سَأَلْتُ رَسُولَ اللهِ صَلَّى اللَّهُ عَلَيْهِ وَسَلَّمَ أَيُّ الْعَمَلِ أَحَبُّ إِلَى اللهِ؟ قَالَ: اَلصَّلاَةُ عَلَى وَقْتِهَا، قَالَ: ثُمَّ أَيُّ؟ قَالَ: بِرُّالْوَالِدَيْنِ،قَالَ: ثُمَّ أَيُّ؟ قَالَ: اَلْجِهَادُ فِي سَبِيلِ اللهِ

Amal apakah yang paling dicintai Allah?’ Beliau menjawab, ‘Shalat pada waktunya. “Lalu apa lagi?’ Tanyaku. Beliau menjawab, ‘Berbakti kepada kedua orang tua.” Lebih lanjut, kutanyakan, ‘Lalu apa lagi?’ Beliau menjawab, ‘Jihad di jalan Allah.”

Kedudukan jihad di dalam ajaran Islam merupakan tulang punggungnya, telah digambarkan oleh Rasulullah shollallahu ‘alaihi wa sallam dalam sabdanya,2

رَأْسُ الْأَمْرِ الْإِسْلَامُ وَعَمُوْدُهُ الصَّلَاةُ وَذِرْوَةُ سَنَامِهِ الْـجِهَادُ فِـي سَبِيْلِ اللهِ

Pokok dien (agama) ini adalah Islam, dan tiangnya adalah shalat, sedang ujung tulang punggungnya adalah jihad fi sabilillah.

Keutamaan jihad sebagai suatu perniagaan yang Allah telah tunjukkan bisa menyelamatkan dari azab yang pedih, memperoleh ampunan atas dosa-dosa kita, sebab yang memasukkan ke dalam surga, mendapatkan tempat tinggal yang baik di surga ‘Adn, semuanya itu merupakan kemenangan yang agung (Surah ash Shoff ayat 10—12).

Kedudukan orang-orang yang berjihad teramat tinggi di surga, begitu juga di dunia. Mereka mulia di dunia dan di akhirat. Sebagaimana Allah Subhaanahu wa Ta’ala menyatakannya di firman-Nya surah at Taubah ayat 20—22,

ٱلَّذِينَ ءَامَنُوا۟ وَهَاجَرُوا۟ وَجَٰهَدُوا۟ فِى سَبِيلِ ٱللَّهِ بِأَمْوَٰلِهِمْ وَأَنفُسِهِمْ أَعْظَمُ دَرَجَةً عِندَ ٱللَّهِ ۚ وَأُو۟لَٰٓئِكَ هُمُ ٱلْفَآئِزُونَ (٢٠) يُبَشِّرُهُمْ رَبُّهُم بِرَحْمَةٍ مِّنْهُ وَرِضْوَٰنٍ وَجَنَّٰتٍ لَّهُمْ فِيهَا نَعِيمٌ مُّقِيمٌ(٢١) خَٰلِدِينَ فِيهَآ أَبَدًا ۚ إِنَّ ٱللَّهَ عِندَهُۥٓ أَجْرٌ عَظِيمٌ(٢٢))
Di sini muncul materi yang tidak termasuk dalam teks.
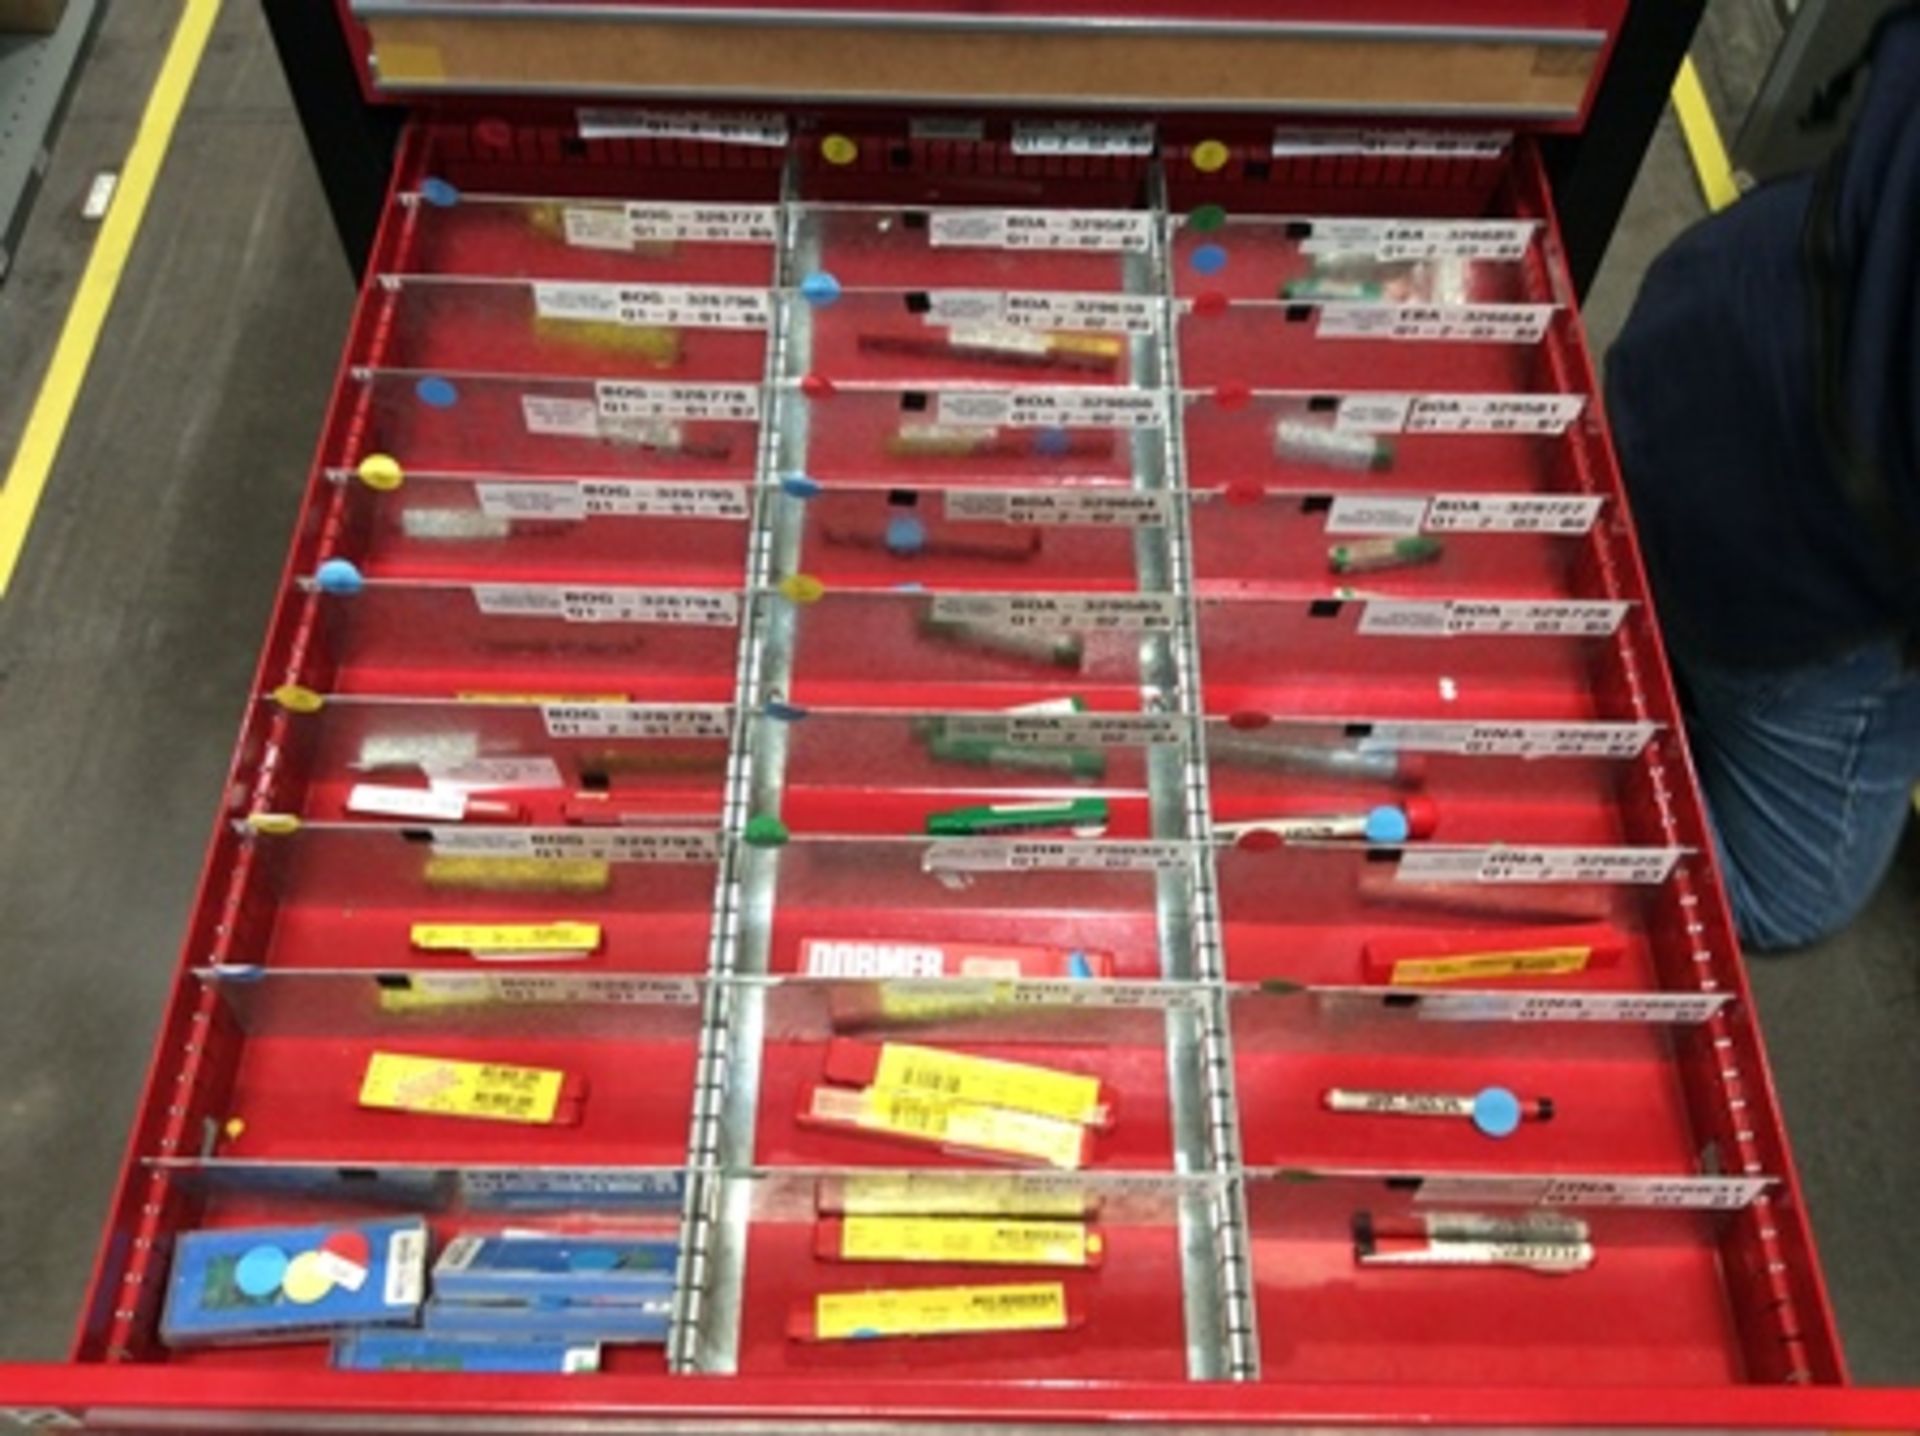 Gaveta de herramientas con 7 cajones que contiene; brocas, insertos, porta insertos, machuelos , - Image 4 of 21
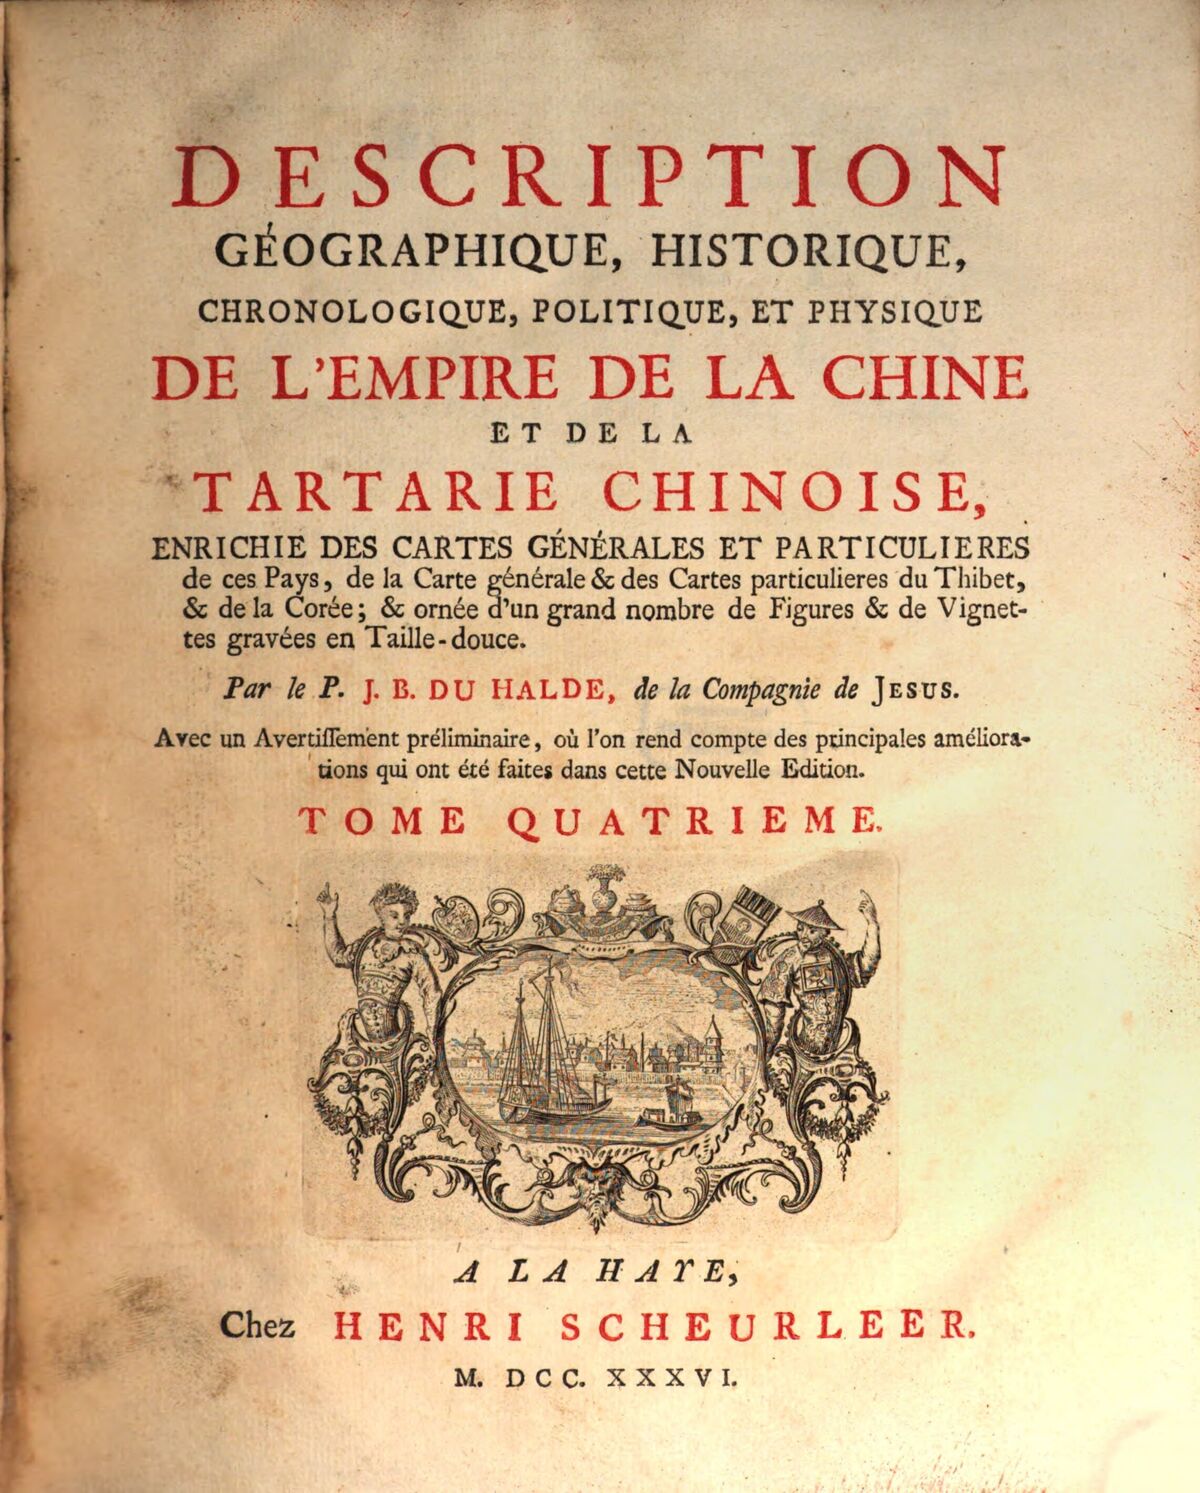 GFD 3/261: Titelblatt des 4. Bands der «Description de la Chine et de la Tartarie chinoise» von Du Halde, 1736

Orang-orang yang beriman dan berhijrah serta berjihad di jalan Allah dengan harta, benda dan diri mereka, adalah lebih tinggi derajatnya di sisi Allah; dan itulah orang-orang yang mendapat kemenangan” (ayat 20) “Tuhan mereka menggembirakan mereka dengan memberikan rahmat dari pada-Nya, keridhaan dan surga, mereka memperoleh di dalamnya kesenangan yang kekal”, (ayat 21) “mereka kekal di dalamnya selama-lamanya. Sesungguhnya di sisi Allah-lah pahala yang besar.” (ayat 22)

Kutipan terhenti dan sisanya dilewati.